Mohon tunggu...
Dewi Puspasari
Dewi Puspasari Mohon Tunggu... Konsultan - Penulis dan Konsultan TI

Suka baca, dengar musik rock/klasik, dan nonton film unik. Juga nulis di blog: https://dewipuspasari.net; www.keblingerbuku.com; dan www.pustakakulinerku.com

Selanjutnya

Tutup

Kurma Pilihan

Bunyi Misterius Itu Membuyarkan Kekhusyukan Tarawih

22 Mei 2018   09:00 Diperbarui: 22 Mei 2018   09:01 952
+
Laporkan Konten
Laporkan Akun
Kompasiana adalah platform blog. Konten ini menjadi tanggung jawab bloger dan tidak mewakili pandangan redaksi Kompas.
Lihat foto
Sholat jamaah pada saat bulan Ramadhan banyak dicari (dok. Muntaha)

Setiap tahun bulan ramadhan memiliki sebuah cerita yang berkesan. Sebuah atau beberapa kisah menarik selama bulan suci itu tak pandang genre apakah genrenya komedi atau genre yang membuat haru biru. Kali ini bahas cerita konyolnya deh. Sebuah kisah saat aku masih remaja, masa SMP.

Pesantren kilat itu lekat dengan kehidupan anak sekolahan. Setiap bulan Ramadhan biasanya pihak sekolah mengadakan acara pesantren kilat, baik yang menginap ataupun yang seharian, dari pagi hingga sholat tarawih usai. Sejak SD hingga aku SMA, acara ini selalu ada.

Aku sendiri telah mengikuti pesantren kilat masa SMP lebih dari yang diwajibkan karena dapat undangan khusus saat malam Nuzulul Qur'an. Alhasil aku tak begitu antusias dengan acara ini karena ingin istirahat menikmati suasana Ramadhan bersama keluarga di akhir pekan.

Kegiatan ini kadang-kadang membosankan bagi sebagian siswa. Biasanya jumlah siswa yang bertahan hingga acara selesai pun tidak seluruhnya. Ada saja yang diam-diam kabur, pulang atau keluyuran bersama kawan-kawannya. Mereka pun nekat memanjat tembok yang memisahkan SMP kami dengan sebuah rumah sakit. Bahkan mereka tak peduli dengan cerita-cerita angker tentang rumah sakit tersebut. Yang penting bisa sok gagah-gagahan, mampu kabur dari situasi tersebut.

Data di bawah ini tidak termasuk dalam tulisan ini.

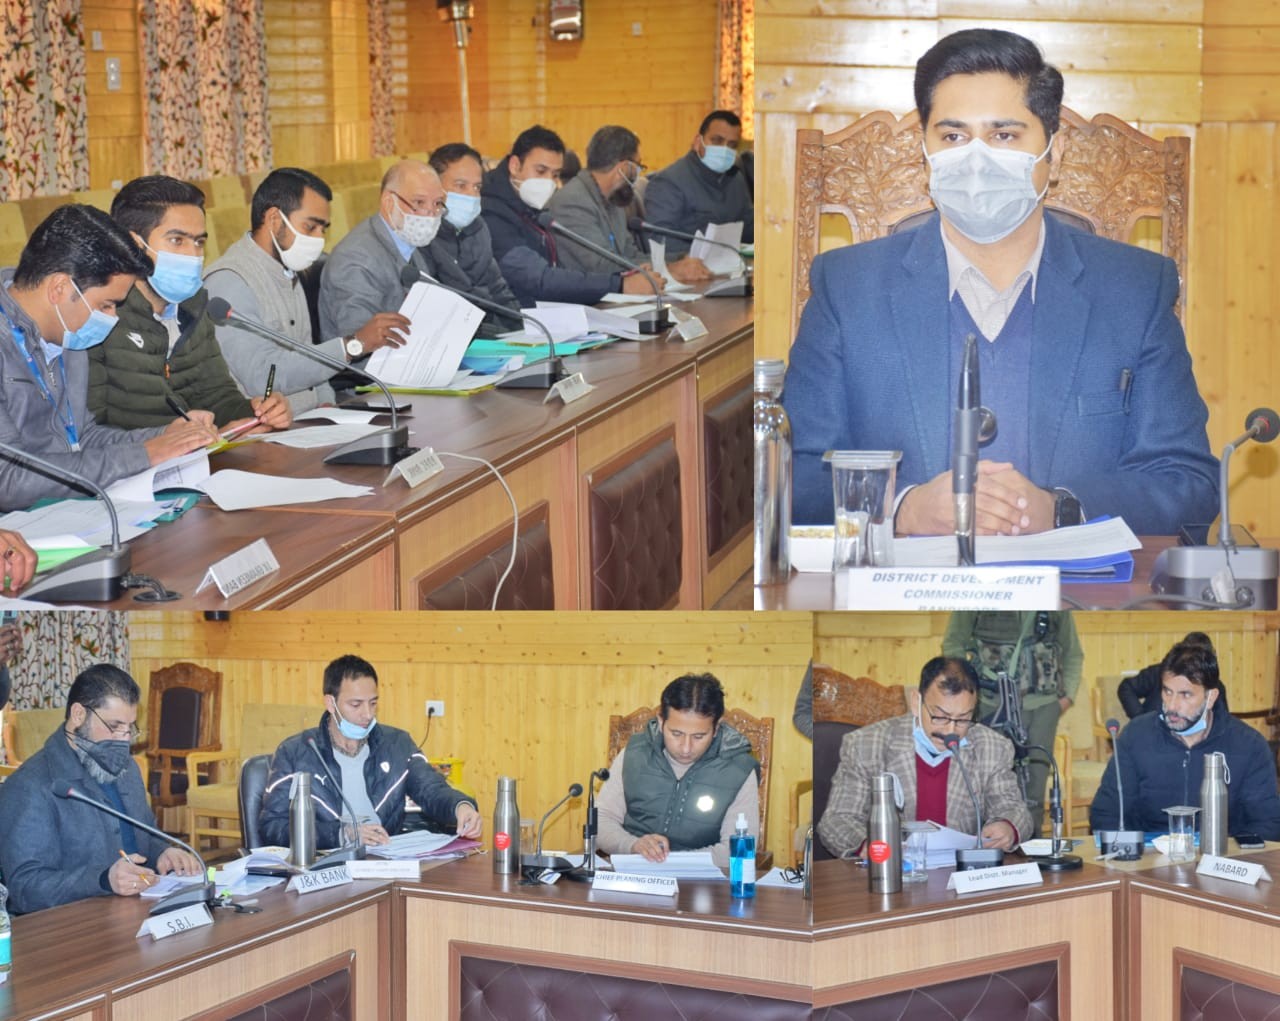  Cover all uncovered areas in Banking Sector of district: DC Bandipora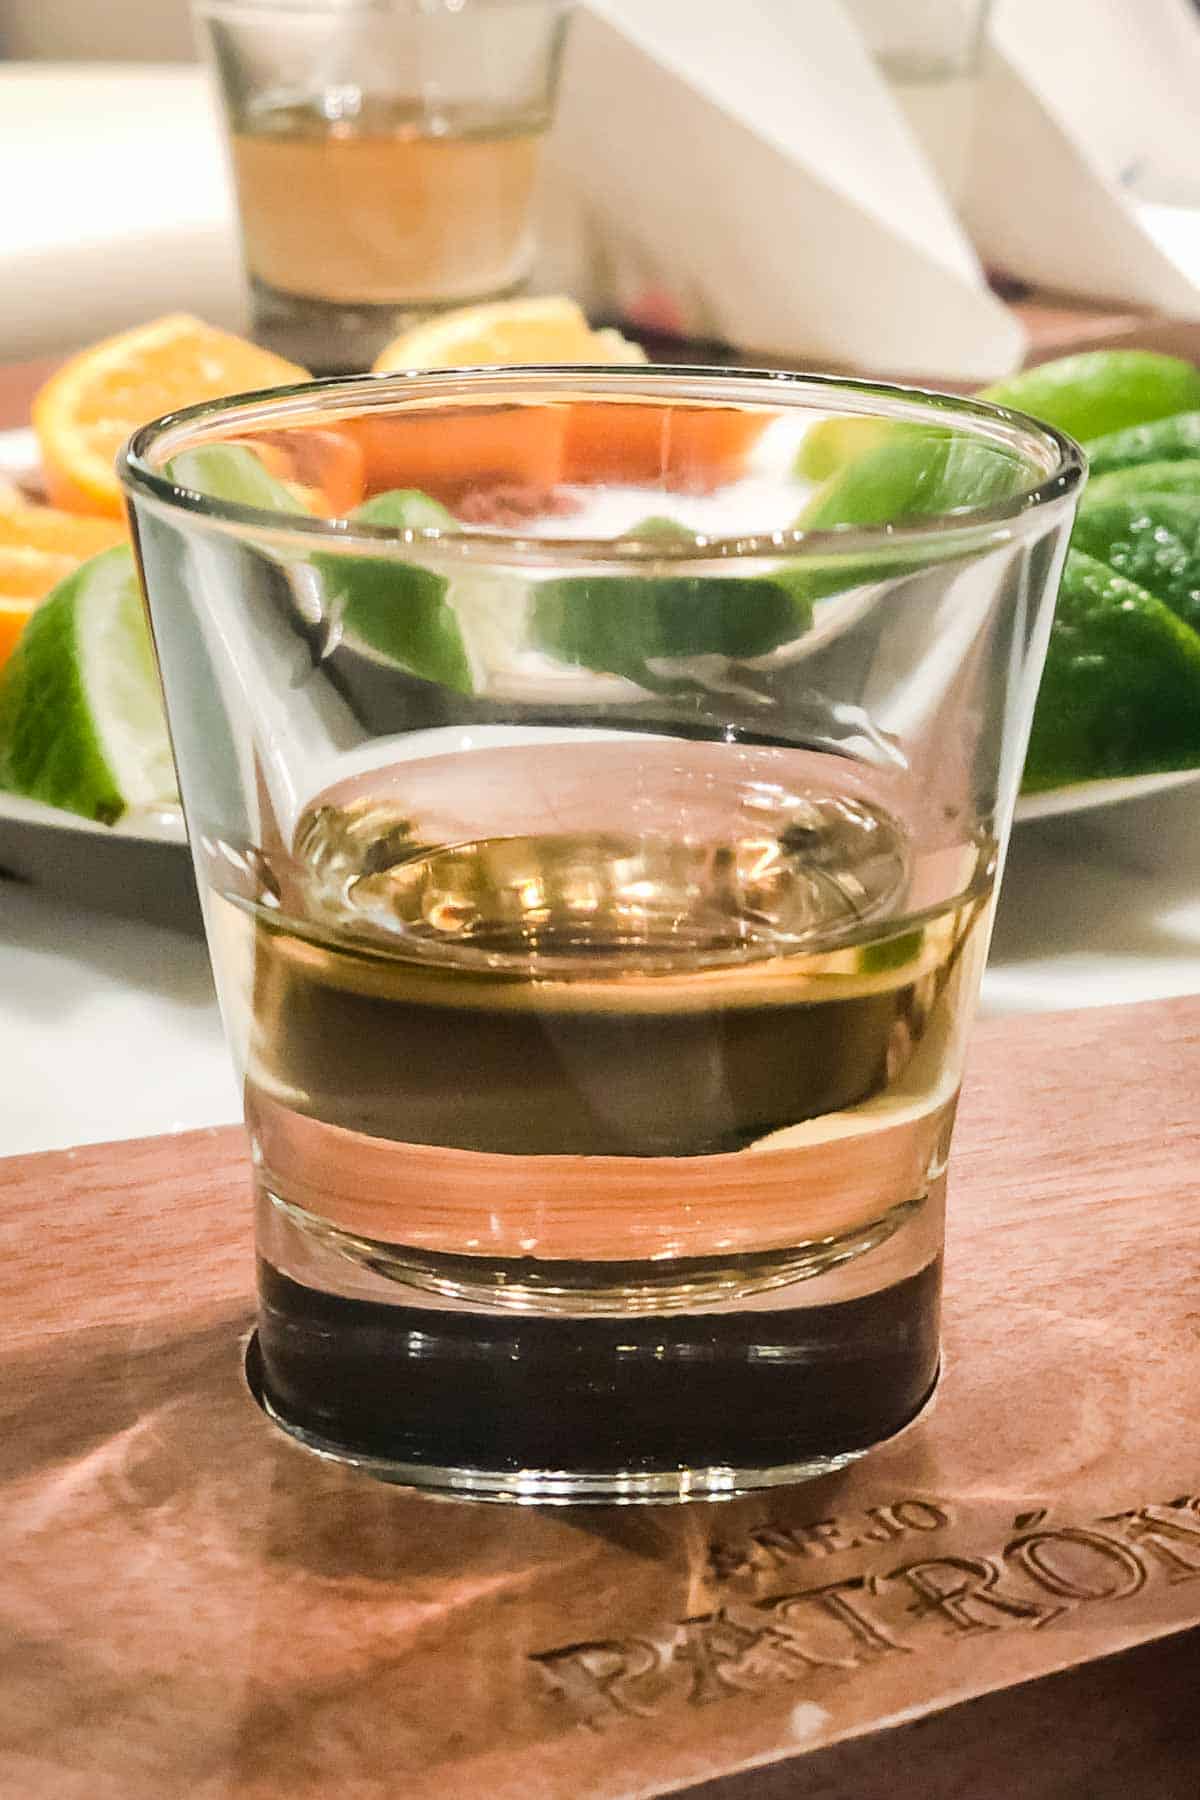 A shot glass of tequila on a wooden board with a plate of lime and orange wedges behind it.

Aku sendiri juga mulai mengantuk karena acara dimulai sejak pukul delapan pagi. Ingin rasanya waktu Isya segera tiba dan tarawih dilaksanakan. Aku sendiri harap-harap cemas dengan jumlah rakaatnya. Kalau 23 rakaat bisa-bisa sampai rumah pukul 21.00 WIB ke atas nih.

Akhirnya waktu yang dinanti-nanti para murid yang masih bertahan pun bergulir. Setelah antri wudlu, para siswi pun berkumpul di aula siap melakukan sholat Isya berjamaah disusul sholat tarawih dan witir.

Rupanya acara tak berjalan sesuai harapan siswa. Setelah Isya masih ada kultum. Kali ini kultumnya dilakukan oleh perwakilan tiap kelas. Setiap kelas diberikan kesempatan menyampaikan kultum. 

Waduh aku mencoba menghitung waktu. Jumlah kelas 3 SMP waktu itu seingatku ada 11 karena sampai 'K'. Tujuh kali sebelas jadinya 77 atau satu jam lebih, belum lagi jeda pergantian. Bisa-bisa 1,5 hingga 2 jam sendiri. Kami pun pucat. Yang pertana kami bisa kebosanan mendengar ceramah teman-teman kami. Yang kedua, kami bakal susah menahan keinginan untuk buang air atau menahan hadas lainnya jika selama itu.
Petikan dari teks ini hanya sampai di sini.